Awesome
Title: A network tour to flight delay in the US
Team members: FU Yan, FENG Wentao, SUN Zhaodong, WANG Yunbei
Structure of repo
README.md
: A simple introduction to the project.
FINAL.ipynb
: The notebook including all codes and analysis of our data set.
TransLearn.py
: The py containing functions used in transductive learning.
data
folder: The folder containing part of used data (not all for some data is too large to be uploaded in Github; not uploaded data can be found in links in Dataset
description.
Abstract
In this project, we explored through our dataset and set up a model predicting delay for given conditions, and based on this model we can advise on choosing flights on different seasons, airlines and hours. Due to the constraint on difficulties getting whole world delay dataset, and the US is the largest flight country, in our project the delay analysis is mostly based on the US data.
We want to know :
- What will affect mostly on the delay of a flight, could it be departure season, hours or airlines?
- And can we predict if and how long will a flight delay given certain situations?
- Or, if someone wants to fly from city A to city B, can we give him or her some advice on choose flights based on the delay rate?
Dataset
In our project we used two data set, OpenFlight
and FlightDelay
data set.
OpenFlight
dataset is obtained from https://openflights.org/data.html
This OpenFlights/Airline Route Mapper Route Database contains 67,663 routes (EDGES) between 3,321 airports (NODES) on 548 airlines spanning the globe.
FlightDelay
is obtained from Kaggle:
https://www.kaggle.com/usdot/flight-delays#flights.csv
This dataset is collected by the U.S. Department of Transportation's (DOT) Bureau of Transportation Statistics, who tracks more than 5,714,000 samples of domestic flights operated by large air carriers from 01/01/2015 to 31/21/2015, with 322 airports. Also, features information flight number, airline, departure and arrival time, delay time, air time, distance, origin and destination airport and delay reason( not for all delayed flights). Also, the documents including the relationship of IATA code and full information of airports and airlines are given.
Result
We created our graph using airports as nodes, the distance between airports after Gaussian kernel as weights.

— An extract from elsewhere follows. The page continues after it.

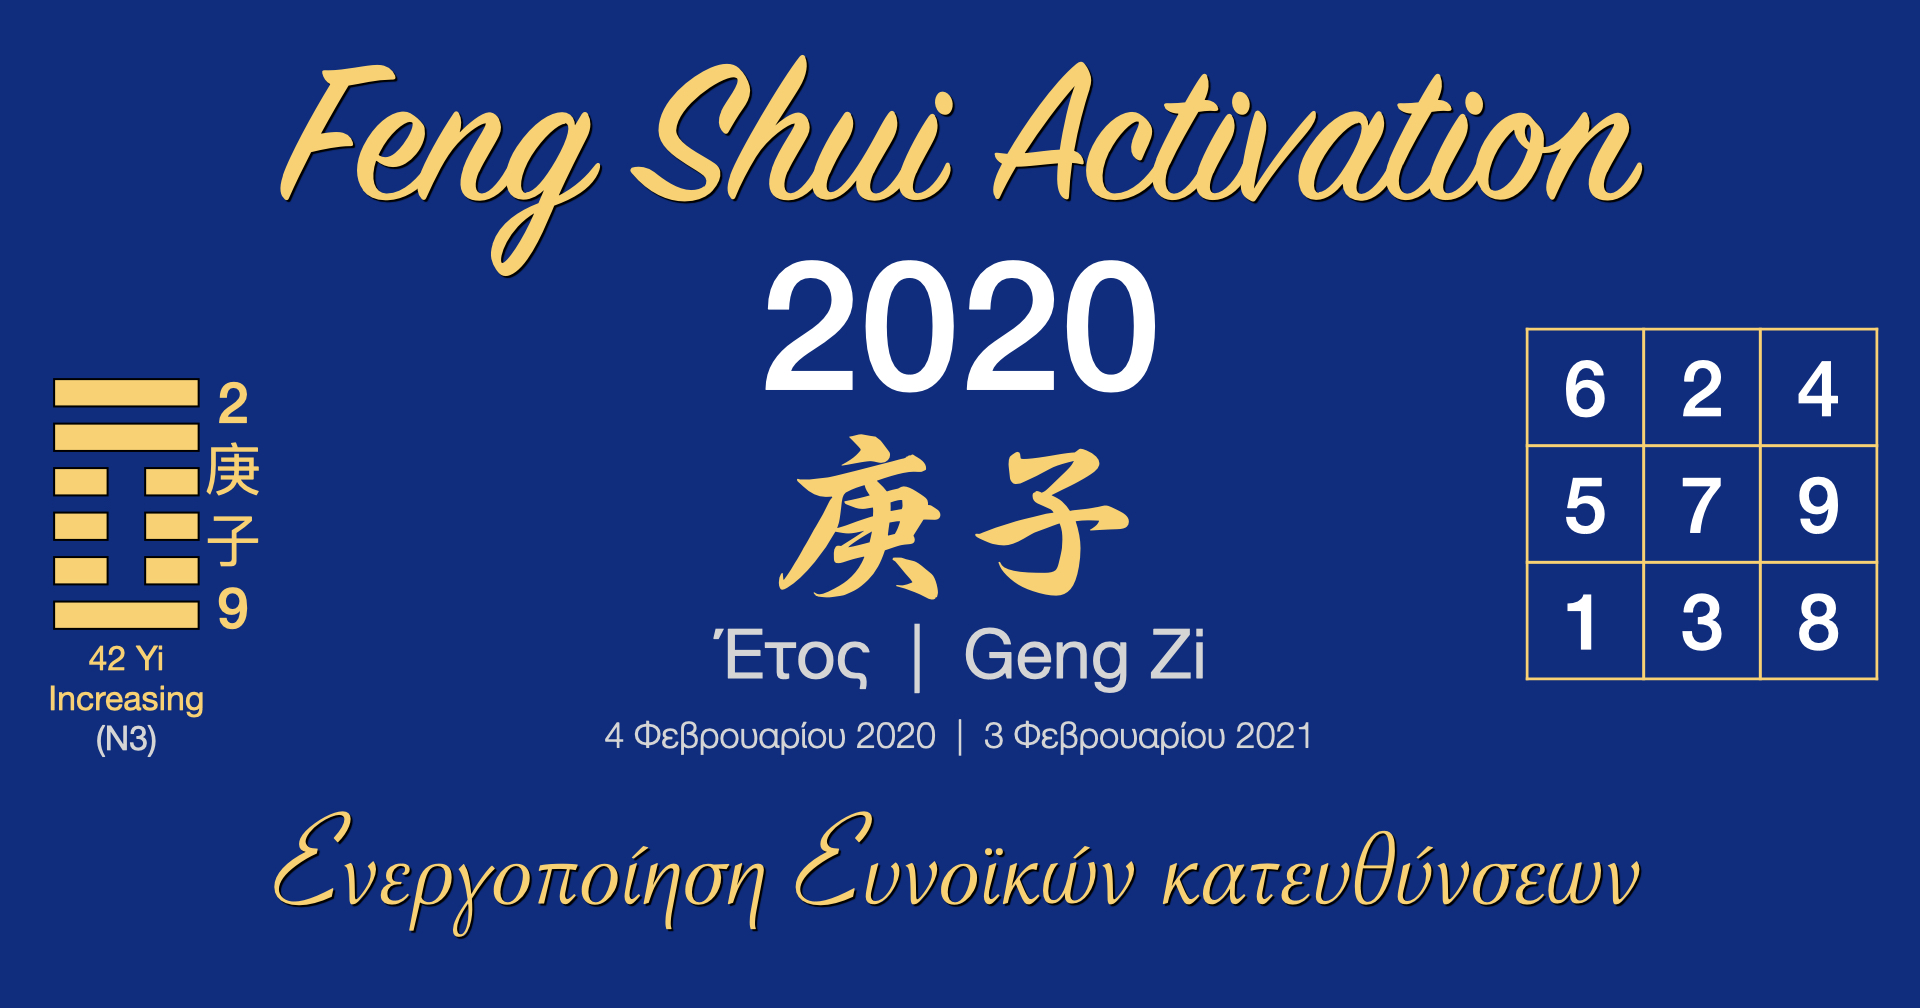 Ενεργοποίηση Άστρων Feng Shui 2020

We analyzed delay in two ways: first, we binarized the delay time into 1 (the departure airport tends to delay) or -1 (the departure airport tends to arrive earlier), then we used k means, spectral graph and transductive learning to perform clustering. The accuracy are 64.3%(5 clusters), 69.4%(threshold eigenvalue is0.004) and 72.3%(recovering from 30% data) respectively.
Then we wanted to use more features than the distance to predict the delay time. We used LightGBM, a tree-based algorithm. After model building and hyperparameter tuning, we got a model with prediction RMSE = 2.3, which worked quite well. Moreover, we also developed a recommendation system. Given departure date and airports, our recommendation system returns the best combination of airline and departure time, and also the predicted delay minutes.